ARTICLES OF INCORPORATION
FOR A NOT FOR PROFIT ORGANIZATION WHICH IS NOT A PRIVATE FOUNDATION.------
ARTICLES OF
INCORPORATION OF [NAME]
The undersigned, acting
as incorporators of a corporation under the Not for Profit Corporation Act of
the State of [NAME], adopt the following articles of incorporation for such
corporation:
ARTICLE I
The name of the
corporation, hereinafter referred to as the "Corporation" is [NAME].
ARTICLE II
The period of duration
of the Corporation is perpetual.
ARTICLE III
The Corporation is
organized exclusively for charitable, religious, educational, and scientific
purposes, including for such purposes, the making of distributions to
organizations that qualify as exempt organizations under section 501(c)(3) of
the Internal Revenue Code, or corresponding section of any future federal tax
code. The Corporation may receive and administer funds for scientific,
religious, educational, and charitable purposes, within the meaning of Section
501(c)(3) of the Internal Revenue Code of 1986 and to that end, the
Corporation is empowered to hold any property, or any undivided interest
therein, without limitation as to amount or value; to dispose of any such
property and to invest, reinvest, or deal with the principal or the income in
such manner as, in the judgment of the directors, will best promote the
purposes of the Corporation, without limitation, except such limitations, if
any, as may be contained in the instrument under which such property is
received, these Articles of Incorporation, the By-Laws of the Corporation, or
any applicable laws, to do any other act or thing incidental to or connected
with the foregoing purposes or in advancement thereof, but not for the
pecuniary profit or financial gain of its directors or officers except as
permitted under the Not-for-Profit Corporation Law.
No part of the net
earnings of the Corporation shall inure to the benefit of any member, trustee,
officer of the Corporation, or any private individual, except that reasonable
compensation may be paid for services rendered to or for the Corporation
affecting one or more of its purposes, and no member, trustee, officer of the
Corporation, or any private individual shall be entitled to share in the
distribution of any of the corporate assets on dissolution of the Corporation.

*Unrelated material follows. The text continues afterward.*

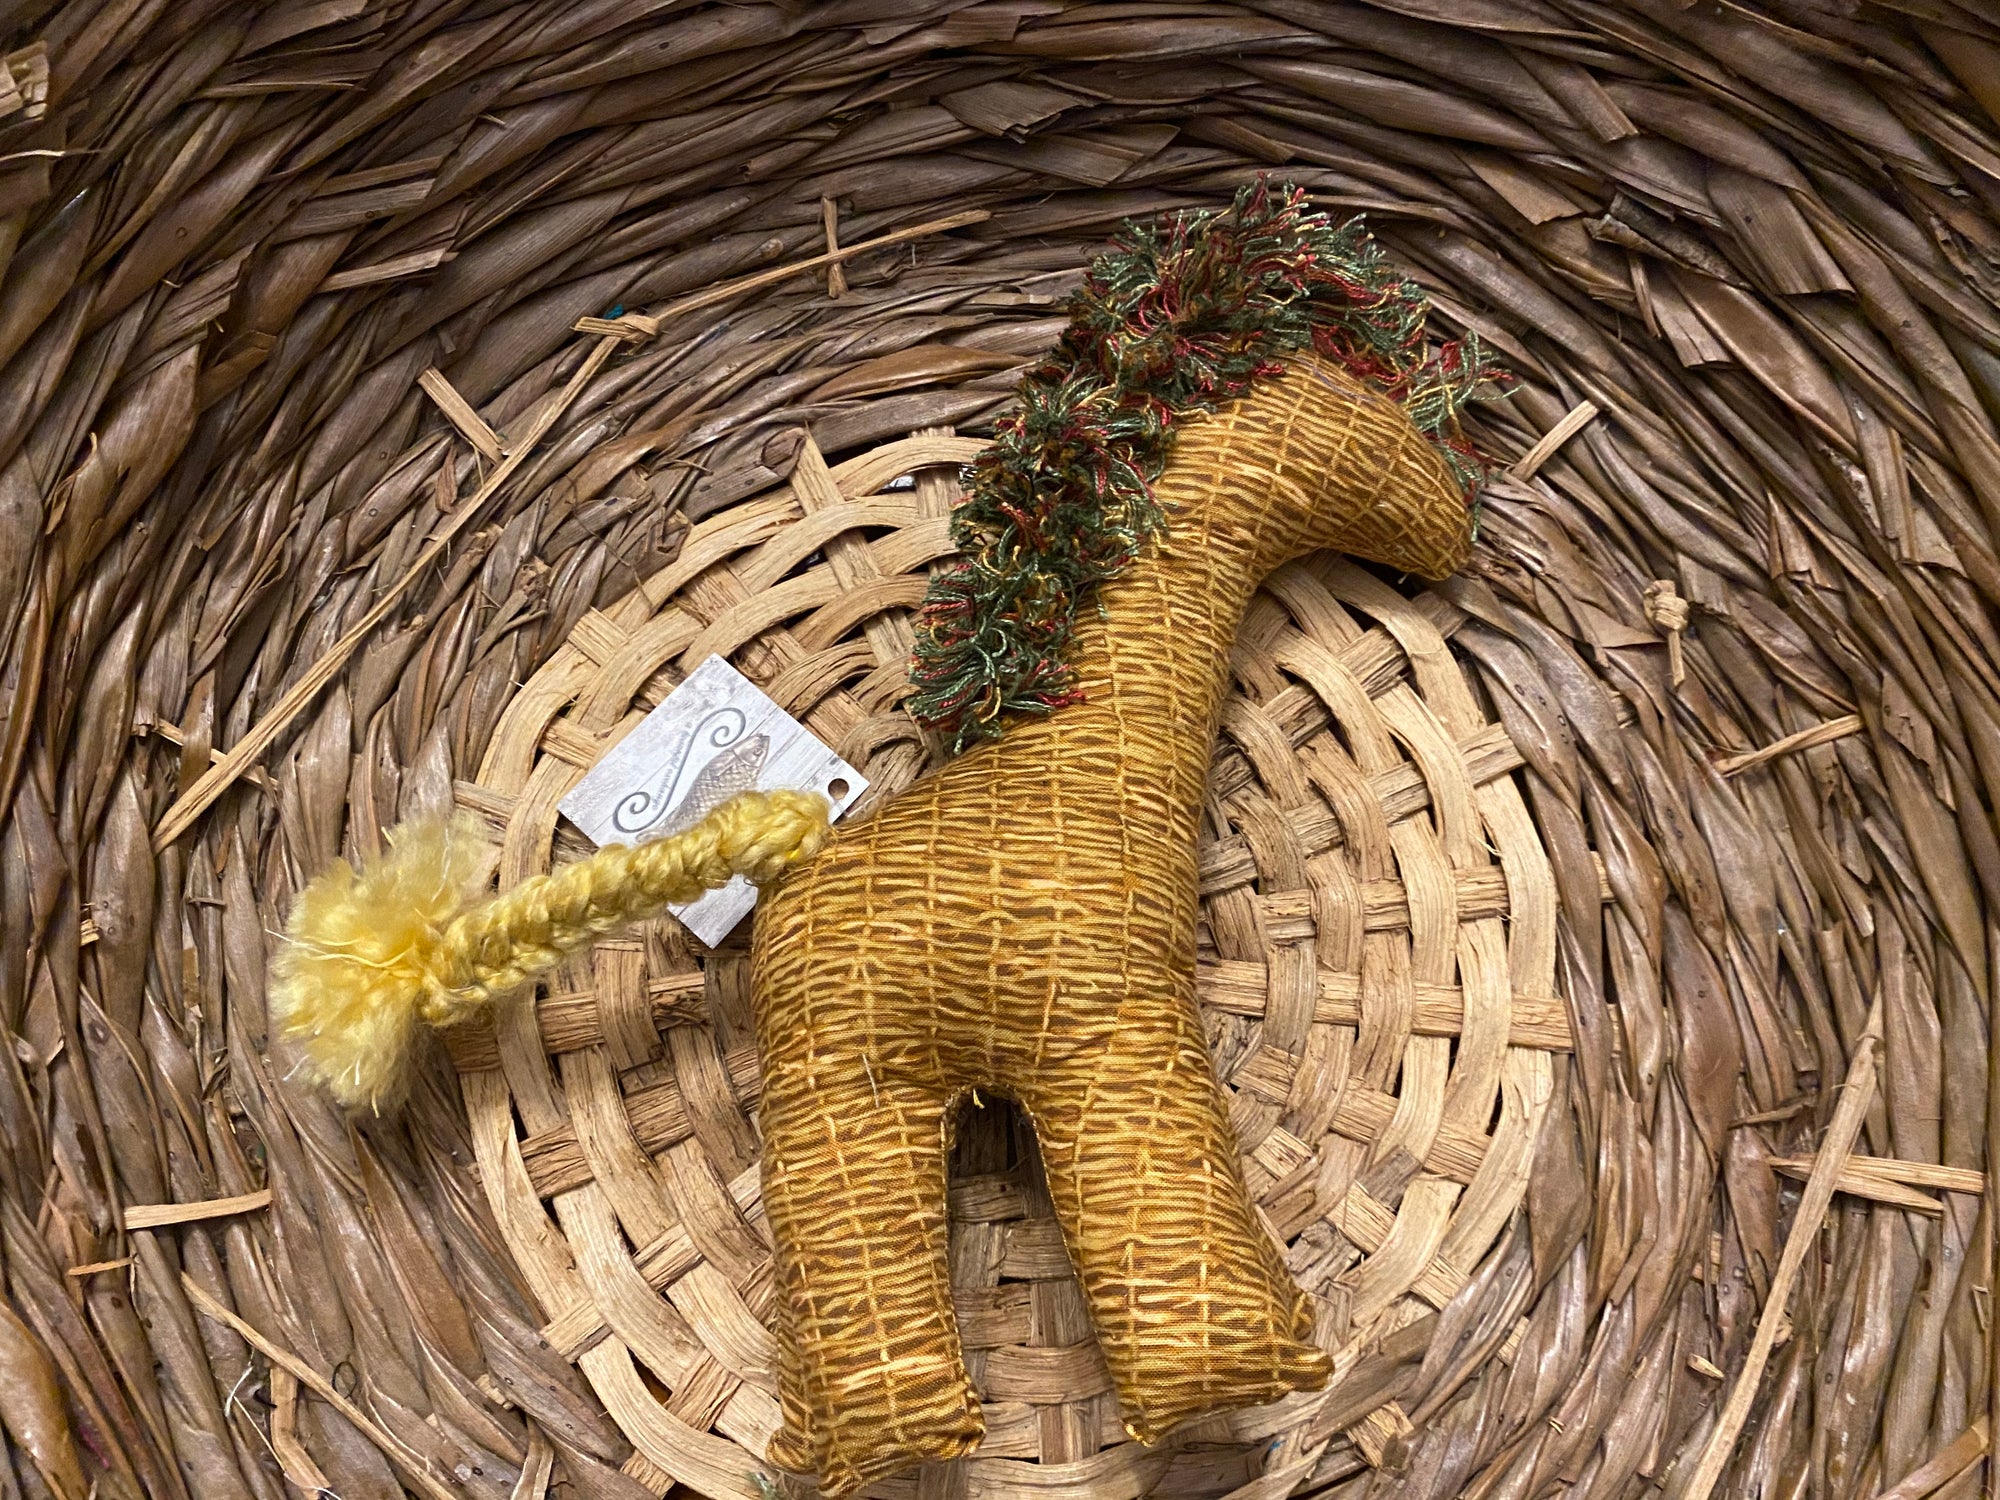 Giraffe gold basket weave

No substantial part of the activities of the Corporation shall be the carrying
on of propaganda, or otherwise attempting, to influence legislation, and the
Corporation shall not participate in or intervene in, including the
publication or distribution of statements, any political campaign on behalf of
any candidate for public office.
Upon the dissolution of
the Corporation or the winding up of its affairs, the assets of the
Corporation shall be distributed exclusively to one or more charitable,
religious, scientific, testing for public safety, literary, or educational
organizations which would then qualify under the provisions of Section
501(c)(3) of the Internal Revenue Code and its Regulations as they now exist
or as they may be hereafter amended, or to the federal government, or to a
state or local government, for a public purpose. Any such assets not so
disposed of shall be disposed of by the Court of Common Pleas of the county in
which the principal office of the Corporation is then located, exclusively for
such purposes or to such organization or organizations as said Court shall
determine, which are organized and operated exclusively for such purposes.
ARTICLE IV
The qualifications for
members and the manner of their admissions shall be regulated by the by-laws.
ARTICLE V
The initial street
address in the state of [NAME] of the initial registered office of the
Corporation is [LOCATION], and the name of the initial registered agent at
such address Is [NAME].
ARTICLE VI
The territory in which
the operations of the Corporation are principally to be conducted is the
United States of America and its territories and possessions, but the
operations of the Corporation shall not be limited to such territory.
ARTICLE VII
The initial board of
directors shall consist of at least three (3) members, who need not be
residents of the state of [NAME].
ARTICLE VIII
The names and addresses
of the persons who shall serve as directors until the first annual meeting of
members, or until their successors shall have been elected and qualified, are
as follows: [DESCRIBE]
ARTICLE IX
The names and addresses
of the initial incorporators are as follows: [NAMES]
IN WITNESS WHEREOF, the
undersigned have made and subscribed to these Articles of Incorporation at
[LOCATION] on [DATE].
[NAME][NAME]
STATE OF [NAME] COUNTY
OF [NAME]
The foregoing
instrument was acknowledged before me this [DATE].